Skinner stared back at him. ‘Jackie, where you’re concerned, I wouldn’t discount anything. You’re one of the most villainous bastards I’ve ever met in my life. You stand here in your fine house, waving your old school tie, and maintaining your honest business front.

‘In reality you’ve been behind just about every crime in the book. If something had happened since yesterday to make you think that Medina was a danger, I wouldn’t, for one second, put it past you to have had him killed. So far, that’s our principal theory.’ He walked over to the window of Charles’ study, on the villa’s upper floor, and looked out, westwards, over Murrayfield Golf Course.

‘The question is, what could have happened to make you pop the boy. Try this for size. After our people saw Dougie Terry this morning, he was straight on to the phone to you. That much I know. Telecom have confirmed that a call was made from his number to your mobile, around the time our guys left Stafford Street.

‘I reckon that something could have been said during that interview which made you think that Medina was a risk after all. Something they asked for upset you, made you think that it might lead us to something which your former book-keeper might have seen in your wife’s possession, and might have been able to identify in court, for all that the entries were in coded language, as being connected to you.’

He glanced at Andy Martin, then gazed back again at Charles, harder than ever, but the man stood his ground. ‘Maybe Carole told you once that she thought Medina might have seen this thing. Maybe then you thought little of it. Maybe today you changed your mind.’

Jackie Charles leaned against his handmade desk and picked a piece of dark fluff from his coral pink Pringle sweater. Then he looked up at Skinner and said, quietly and with the same assurance as before, ‘If that’s your principal theory, Bob, then you’d better get another. Because I had absolutely nothing to do with this man’s death.’

The DCC shook his head. ‘No, no, Jackie, we’re not letting you off the hook.’ He looked out of the window once more. ‘I’ll tell you something,’ he said, over his shoulder, ‘although you may have worked it out already.

‘I’ve got a reputation for being a bit volatile: short-fused, you know.

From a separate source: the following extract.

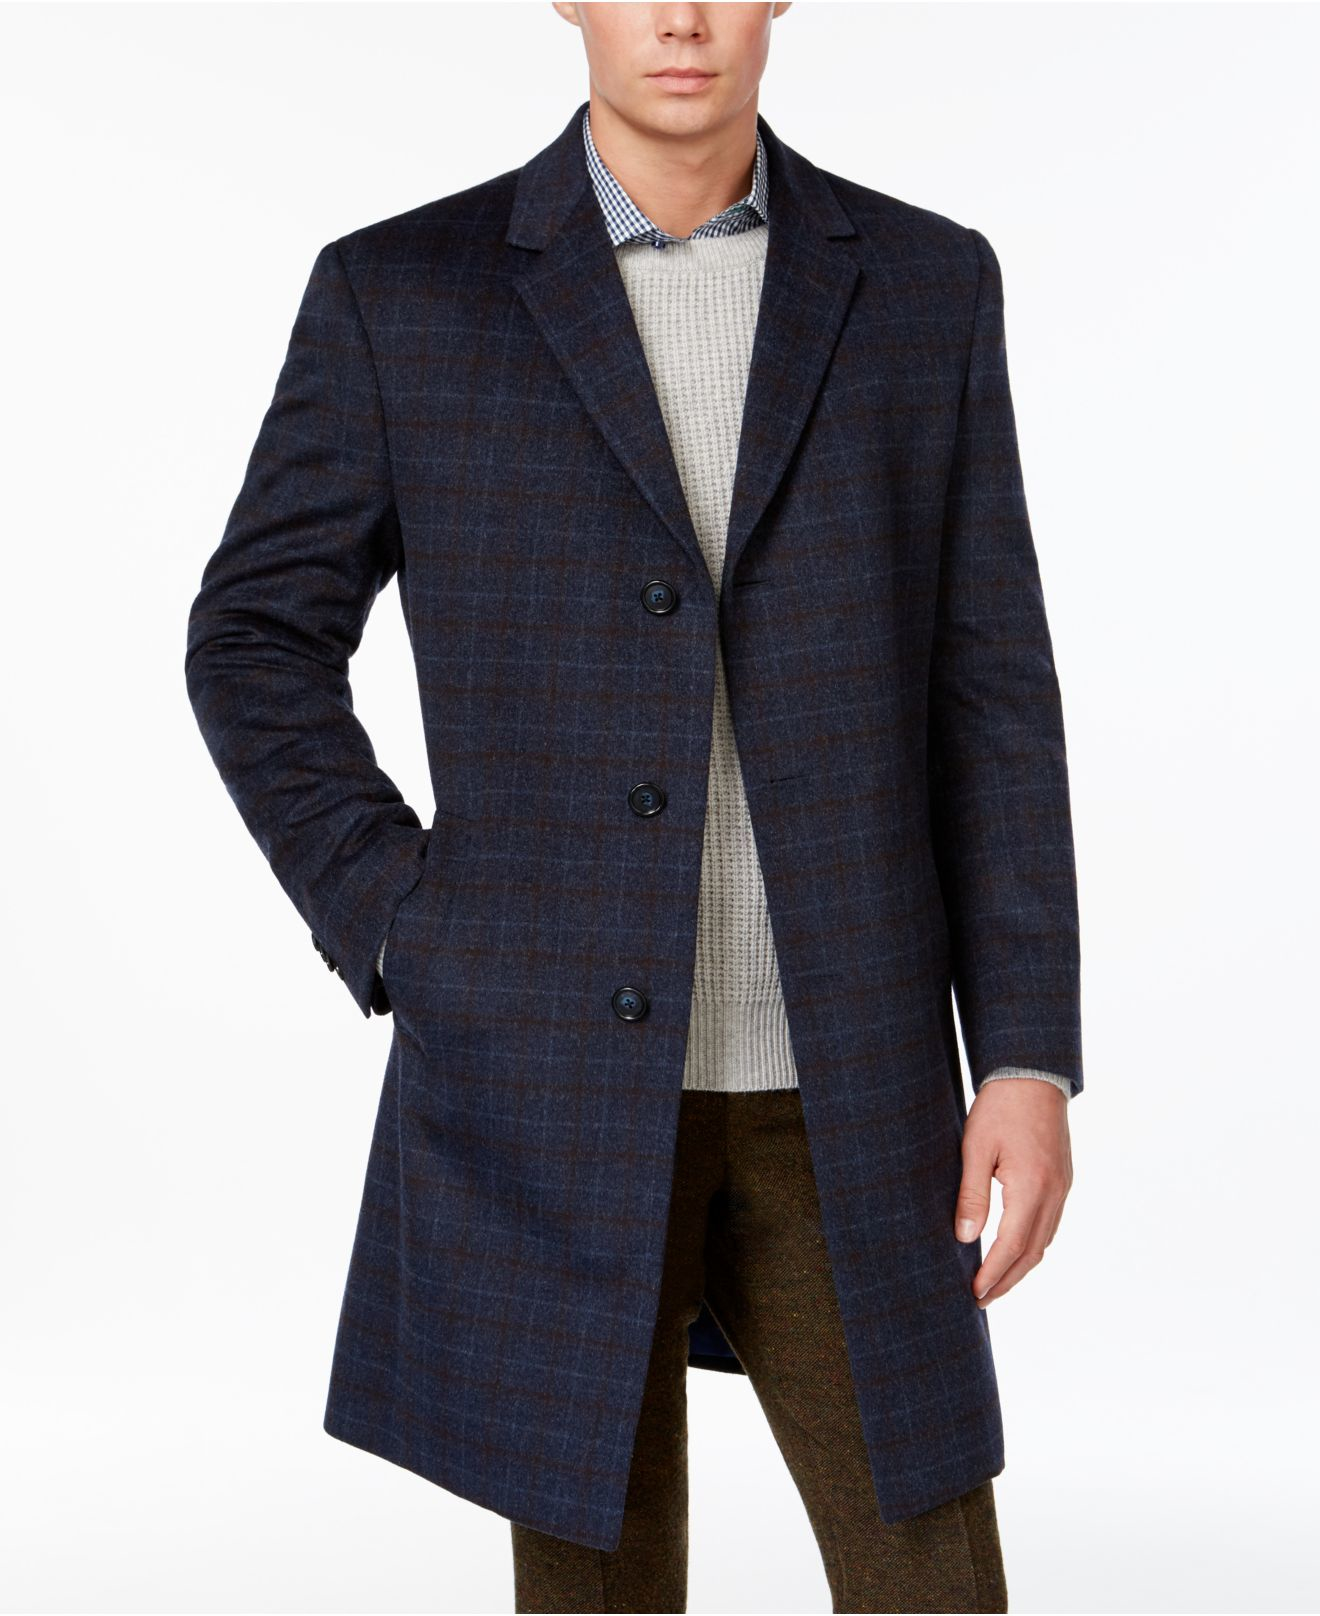 Lyst - Tommy Hilfiger Barnes Slim-fit Overcoat in Blue for Men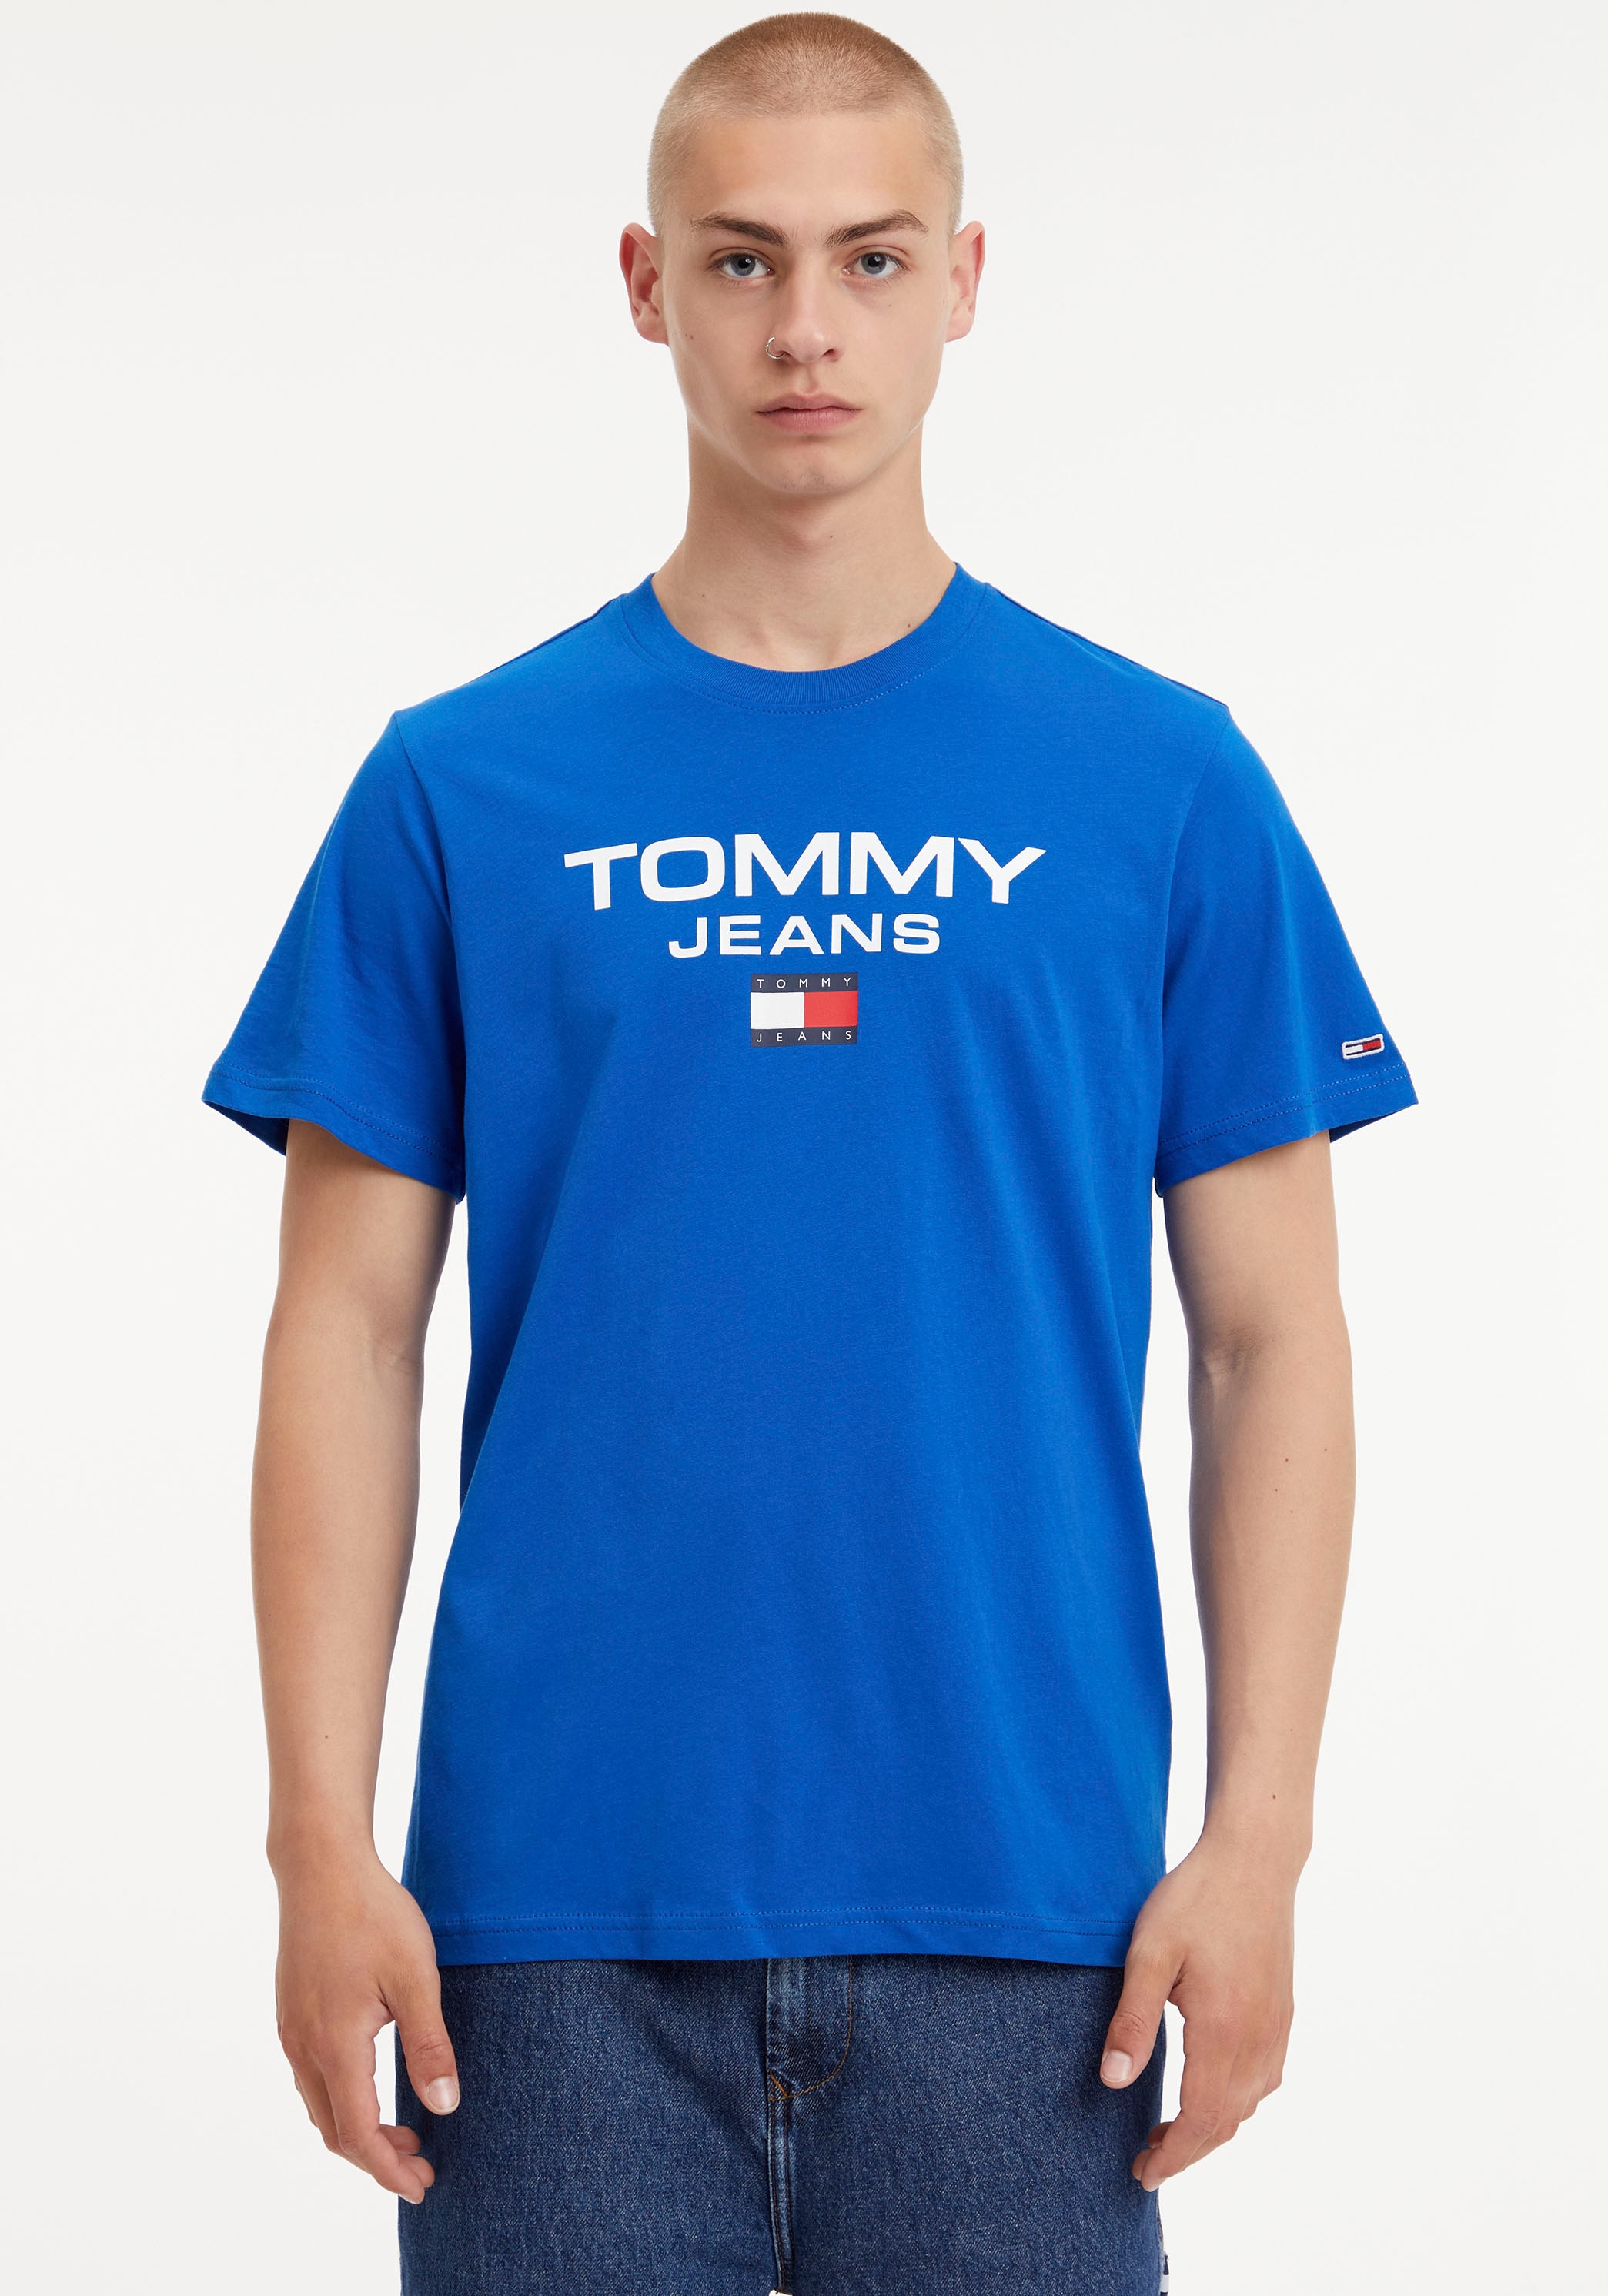 Jeans REG ♕ Logodruck T-Shirt bei »TJM Tommy ENTRY mit TEE«,

But Andy here knows me better than anyone, and he’ll tell you that I’m the most patient man in the world. When it comes to crime, I think long-term. I see criminals as my mortal enemies, and in pursuing them I never get discouraged, and I never give up.’

He turned and he smiled: a hangman’s smile. He raised a hand, palm upward, fingers curling. ‘I have this guiding principle, you see. I believe that if I’m patient, and if I wait long enough, then one day, God will deliver the balls of my enemy into my strong right hand.

‘Be in no doubt: when that happens, I don’t even try to resist the temptation to squeeze as hard as I can!’ As he closed his powerful fist, tight, Jackie Charles, in spite of himself, winced.

He walked towards the door, Martin beside him. ‘Your turn’s coming, Jackie. It’s coming soon. And when it does, I’ll be using both hands.’

The two policemen hurried down the stairs and out of the house, to Skinner’s car which was parked at the head of the driveway.